▶ _DATA SHOWN_:
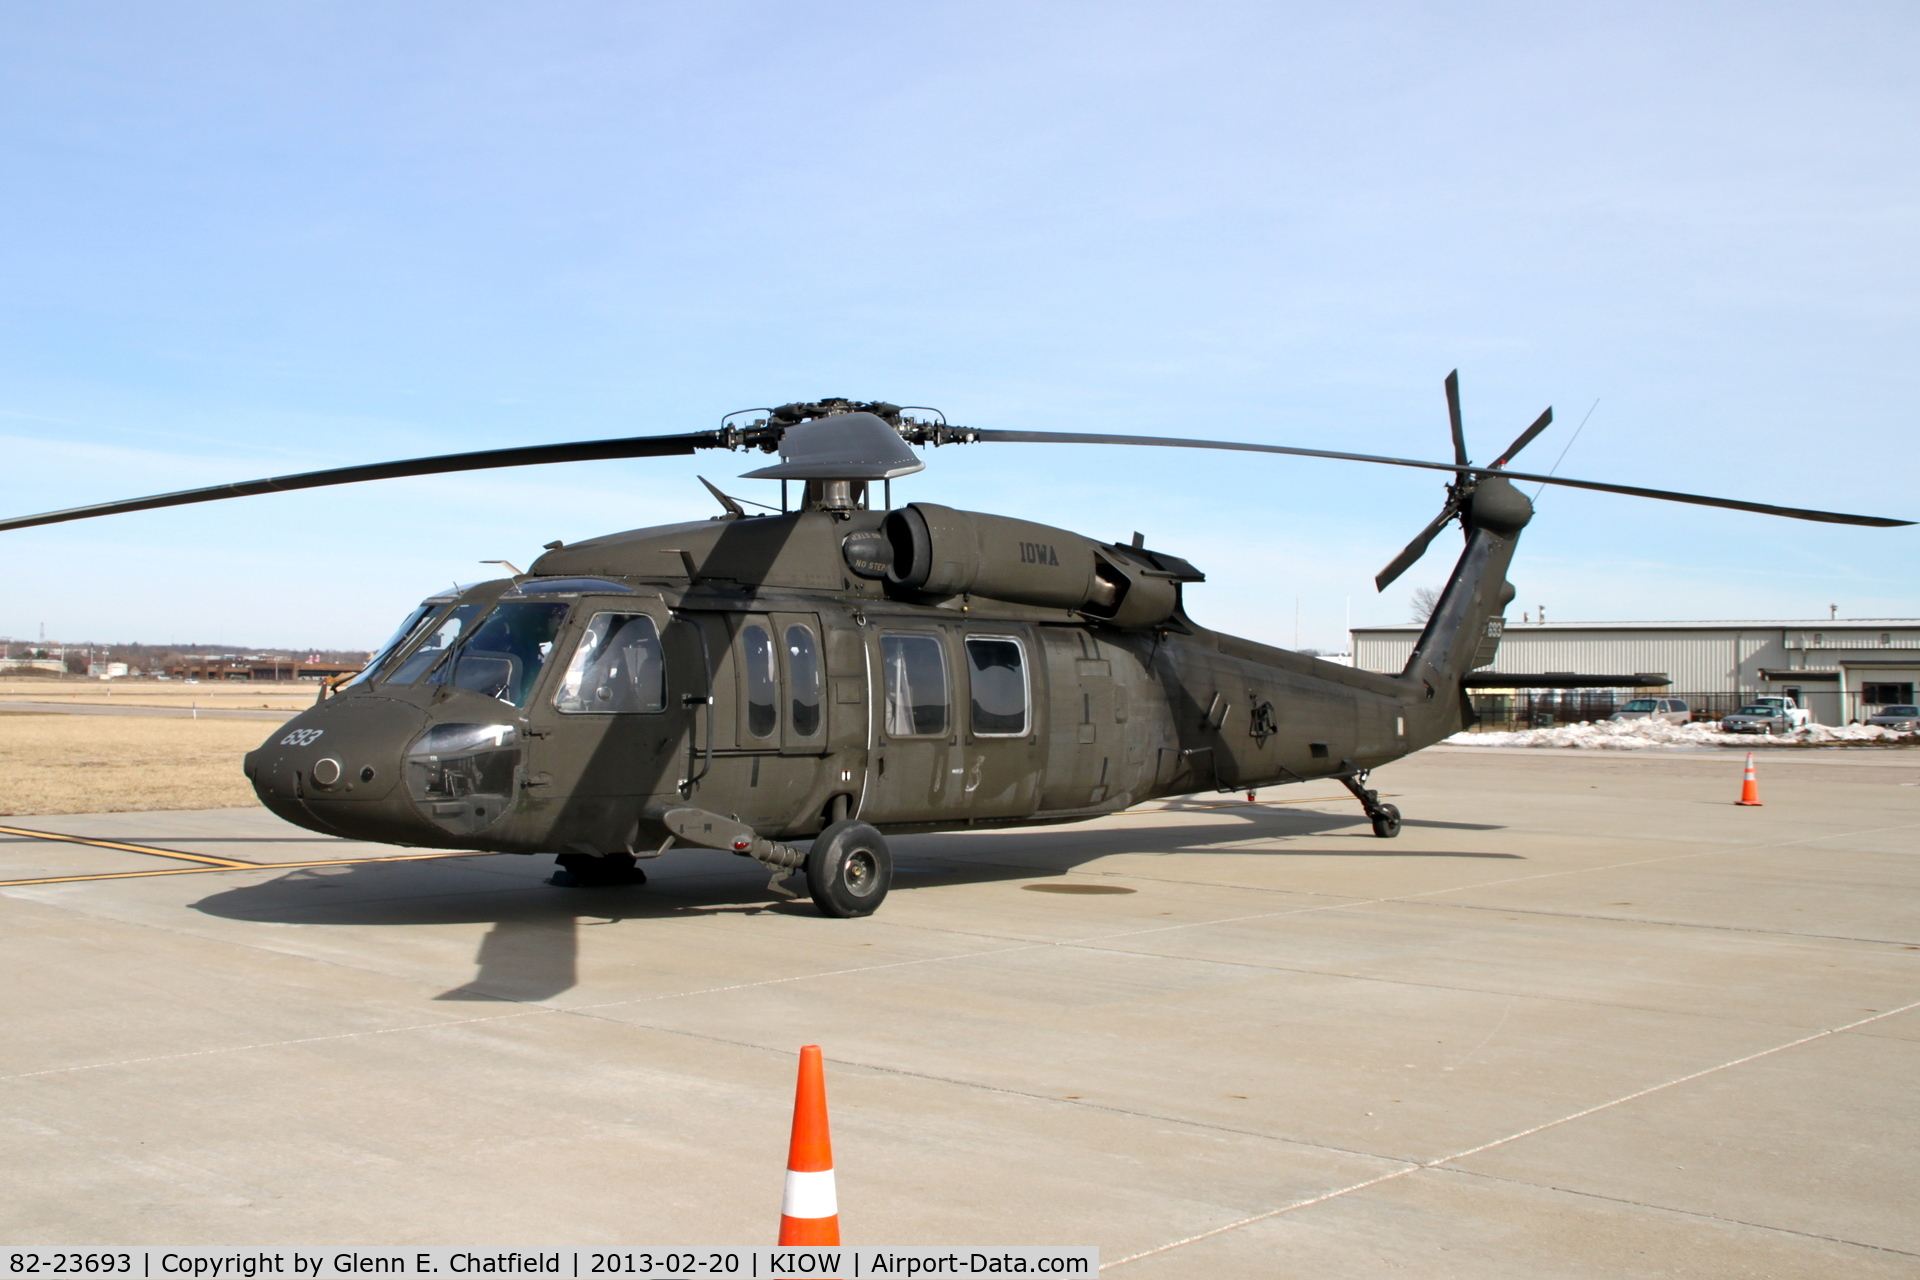 82-23693, 1982 Sikorsky UH-60A Black Hawk C/N 70516, Parked on the ramp
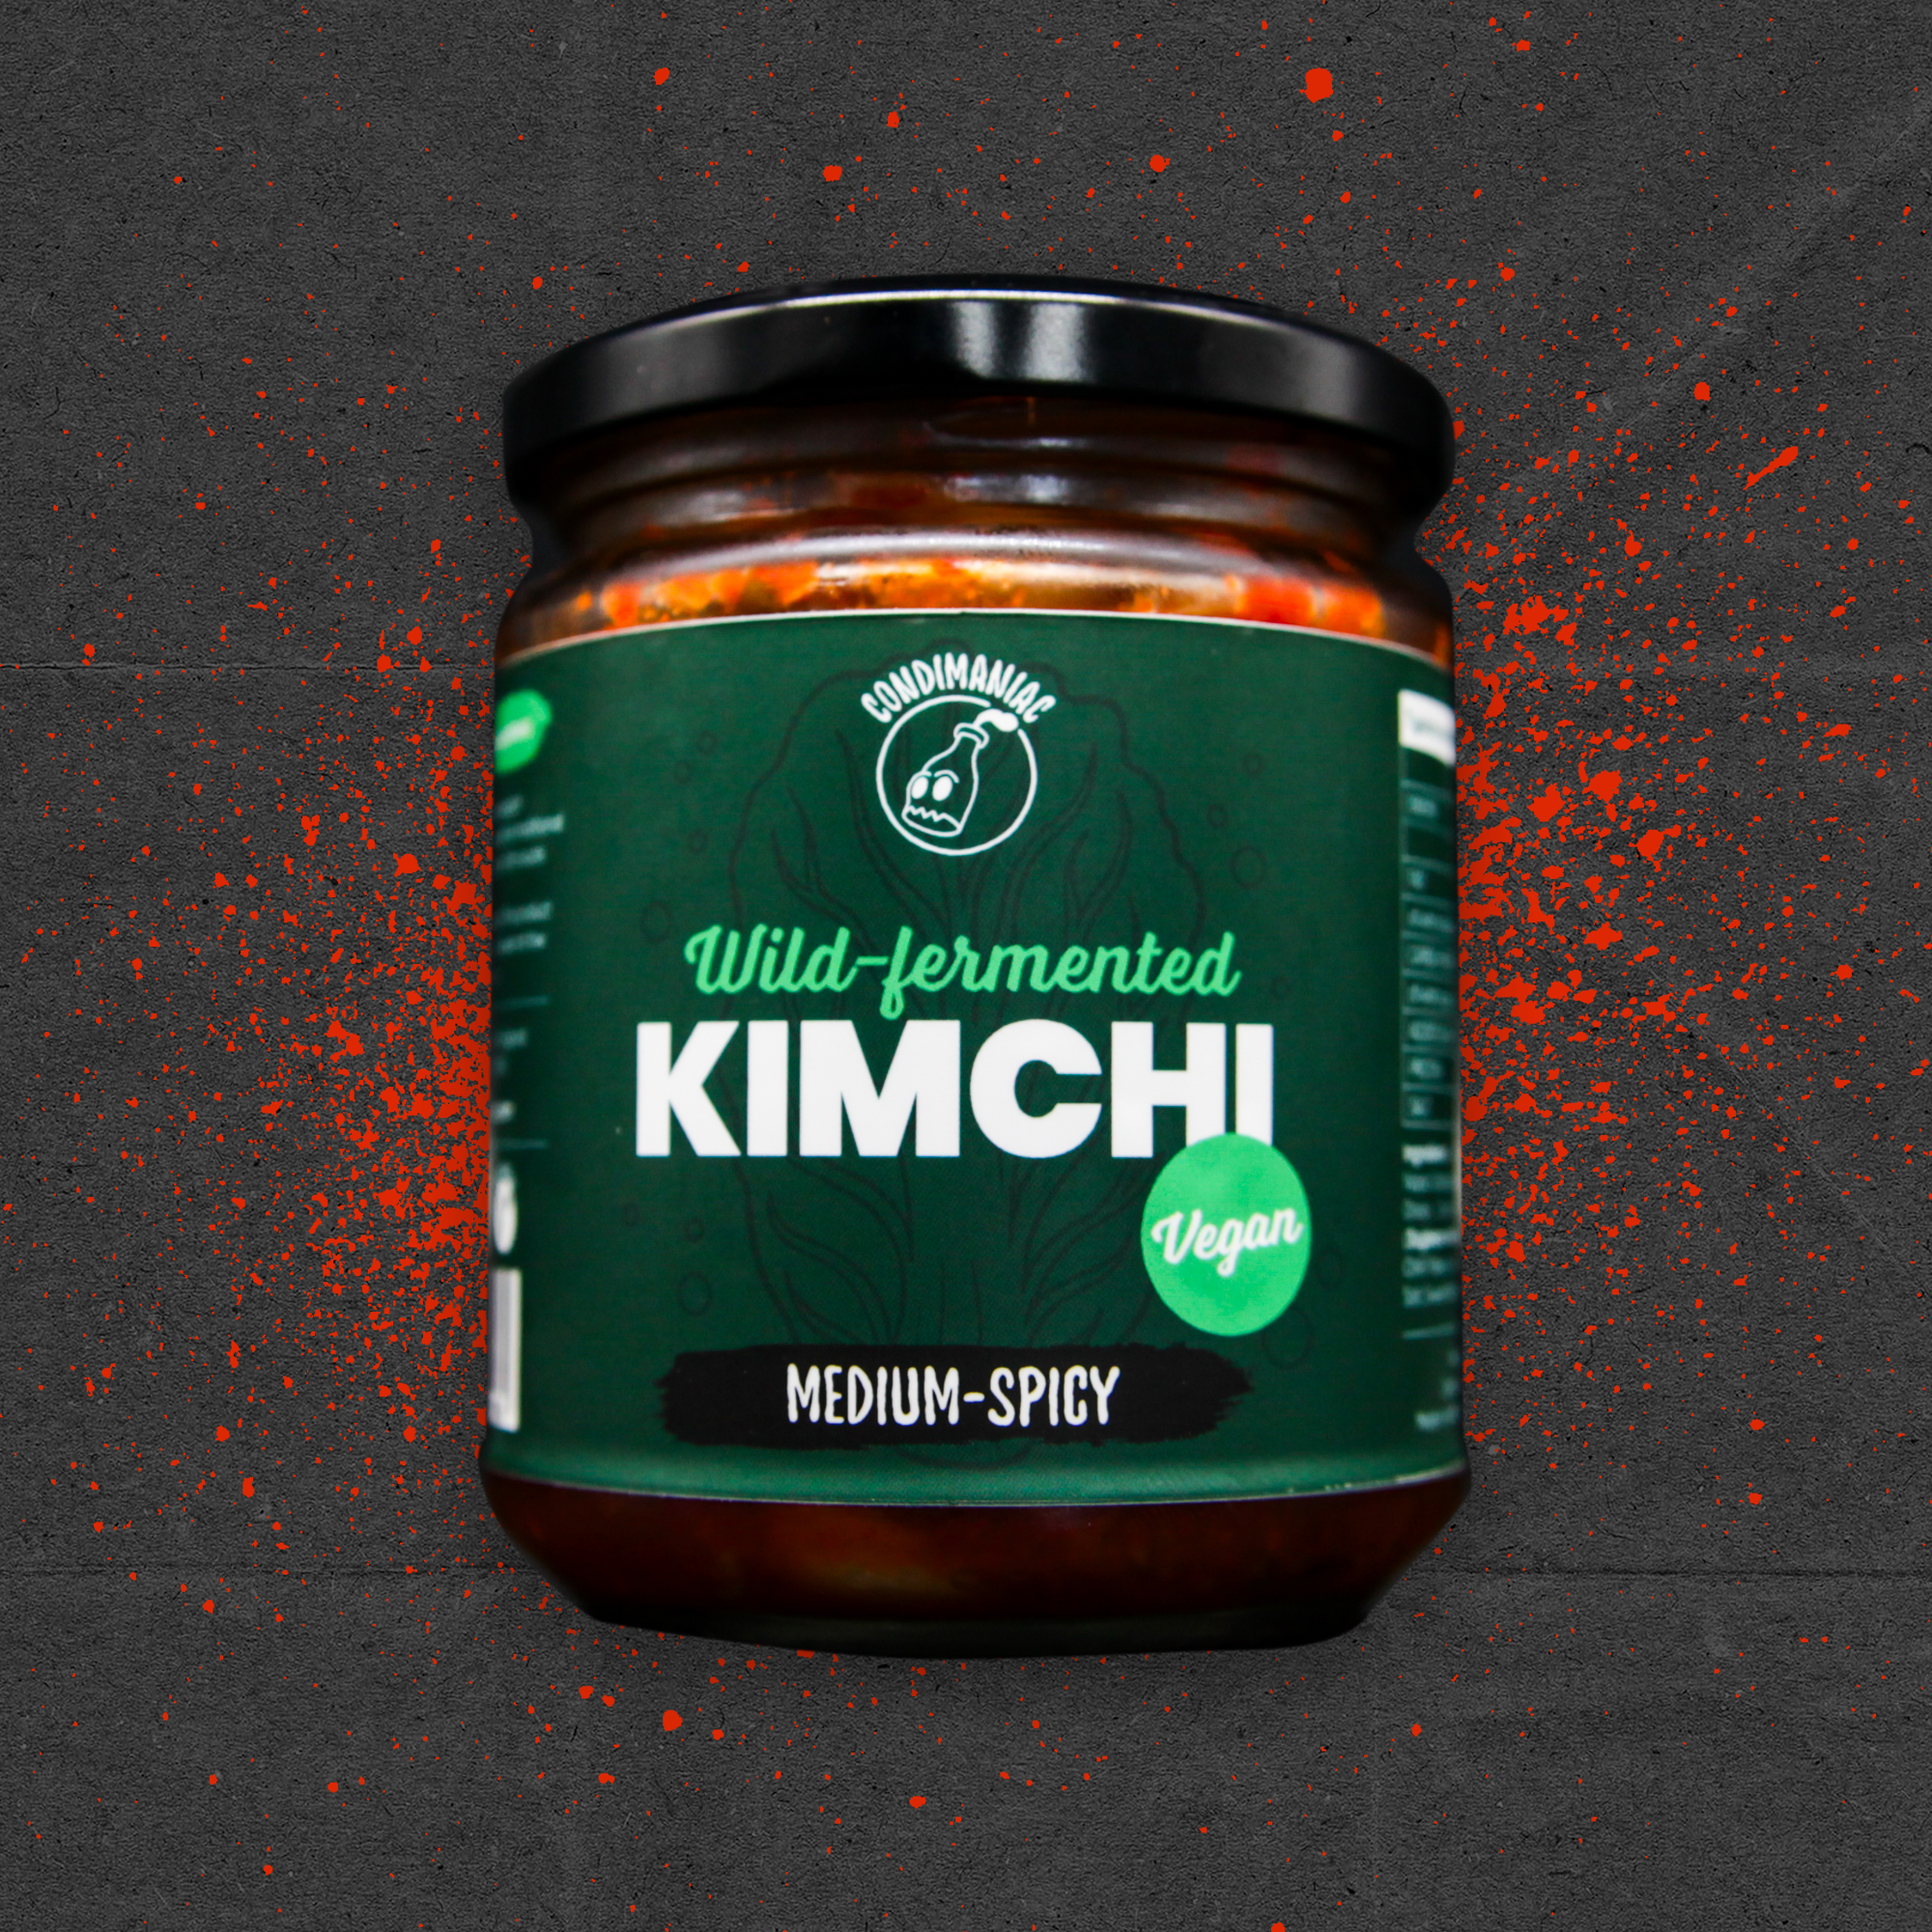 Condimaniac wild-fermented Kimchi (vegan)
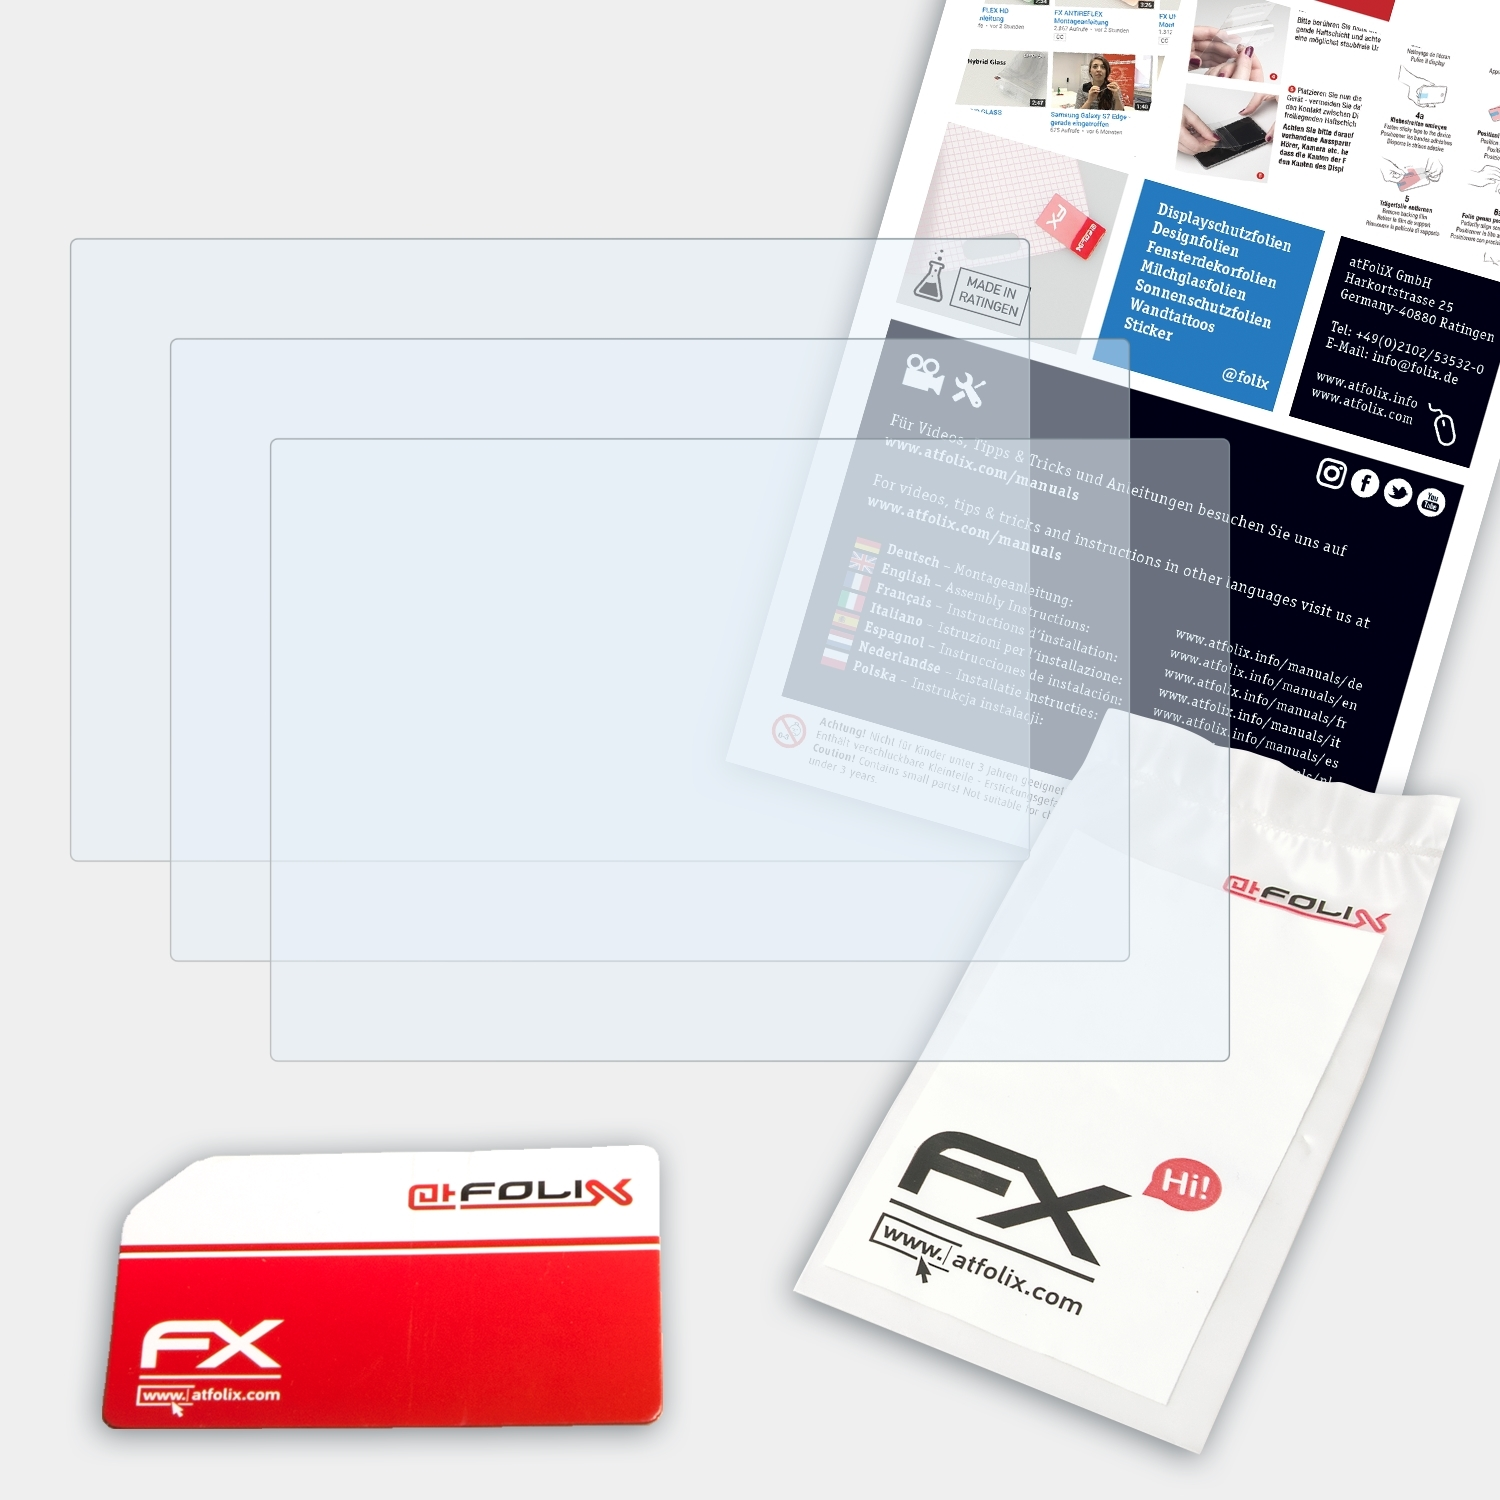 ATFOLIX 3x Fujifilm Displayschutz(für FX-Clear X-T1)

▶ _ABOUT THIS EXERCISE_: Using the data above, write out every line exactly, leaving the images behind.

▶ _ANSWER TO THE EXERCISE_:
 82-23693, 1982 Sikorsky UH-60A Black Hawk C/N 70516, Parked on the ramp
 Condimaniac wild-fermented Kimchi (vegan)
 ATFOLIX 3x Fujifilm Displayschutz(für FX-Clear X-T1)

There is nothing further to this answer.